Não, mas houve uma aproximação. Genericamente, os sistemas dos países subscritores de Bolonha passaram a organizar-se em três ciclos — 1º, 2º e 3º —, mas a duração de cada um pode ser diferente. Por exemplo, em Espanha, uma licenciatura tem, em regra, quatro anos. Em Portugal, a lei foi revista em 2006: mantiveram-se as desi­gnações, mas a licenciatura passou a corresponder a um 1º ciclo de três anos (antes de Bolonha tinha quatro ou cinco), o mestrado a um 2º ciclo de um ano e meio ou dois e o doutoramento a um 3º ciclo de três anos. Mas há exceções: Direito e formações na área das Tecnologias da Saúde têm uma duração mínima de quatro anos. E há profissões reguladas pela UE, como Arquitetura ou Medicina, que preveem que só com cinco anos de formação (mestrado integrado) se possa exercer a profissão. Também há casos determinados pelas ordens profissionais que requerem o título de mestre para os diplomados se inscreverem.

E qual é o valor das propinas?

A situação é muito variável na Europa.
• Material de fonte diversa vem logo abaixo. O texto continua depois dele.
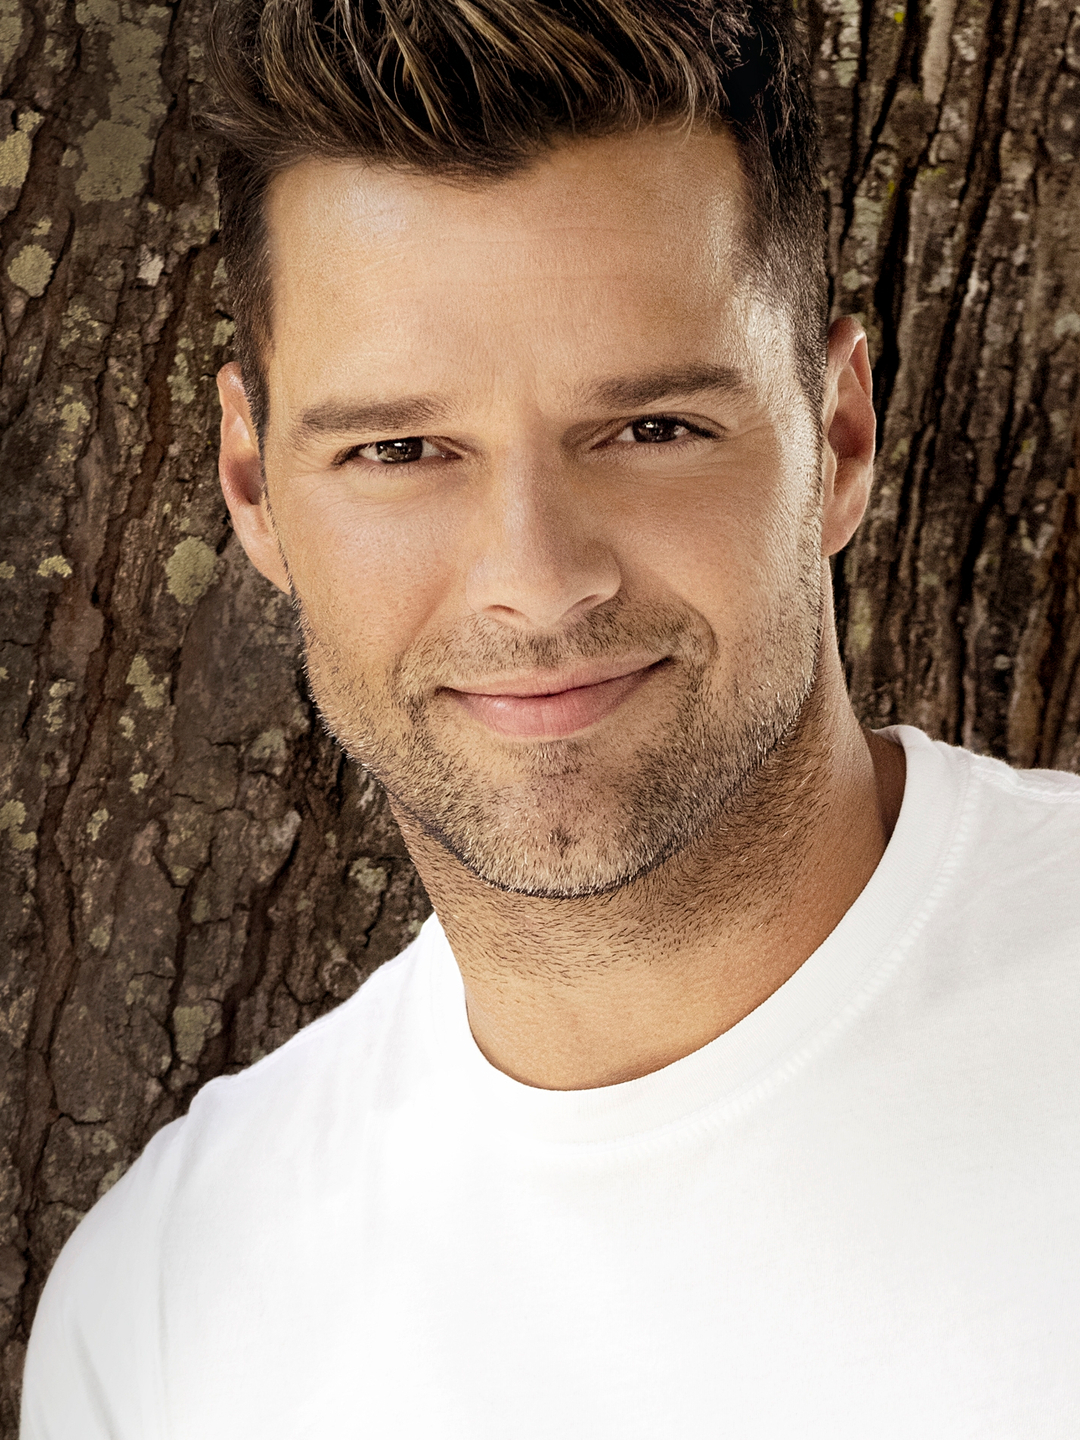 Ricky Martin who are his parents

Há seis países onde as licenciaturas são gratuitas (Dinamarca, Grécia, Malta, Suécia, Escócia e Noruega). Nos restantes são cobradas propinas. Portugal faz parte deste último grupo. E se nas licenciaturas há um limite máximo imposto (1063 euros atualmente e 856 no próximo ano letivo), nos mestrados esse teto só existe quando um curso de 2º ciclo é essencial para o exercício da profissão: é o caso de Medicina ou dos mestrados em Ensino para quem quer ser professor, em que se cobra o mesmo que na licenciatura. A maioria dos mestrados acaba por custar cerca de mil euros/ano, mas há cursos cujo custo total pode atingir vários milhares de euros. Por exemplo, o mestrado em Gestão no ISCTE chega aos €7350 e o de Finanças da Universidade Nova de Lisboa ultrapassa os €12 mil. Em todos os casos, a bolsa mínima para os alunos de mestrado (a mais comum) tem como limite a propina máxima fixada para o 1º ciclo. Em 2017, de acordo com números do Ministério da Educação, 22% dos alunos em licenciaturas e mestrados integrados recebiam bolsa. No caso dos mestrados, o valor caía para 18%. A estas acrescem os programas de apoio a alunos carenciados que existem nas próprias instituições.

Quantos cursos existem?

A oferta é vasta. Nas licenciaturas e mestrados integrados, o concurso nacional de acesso conta com 1068 cursos. Já no caso dos mestrados, no último ano letivo havia 2474 em funcionamento.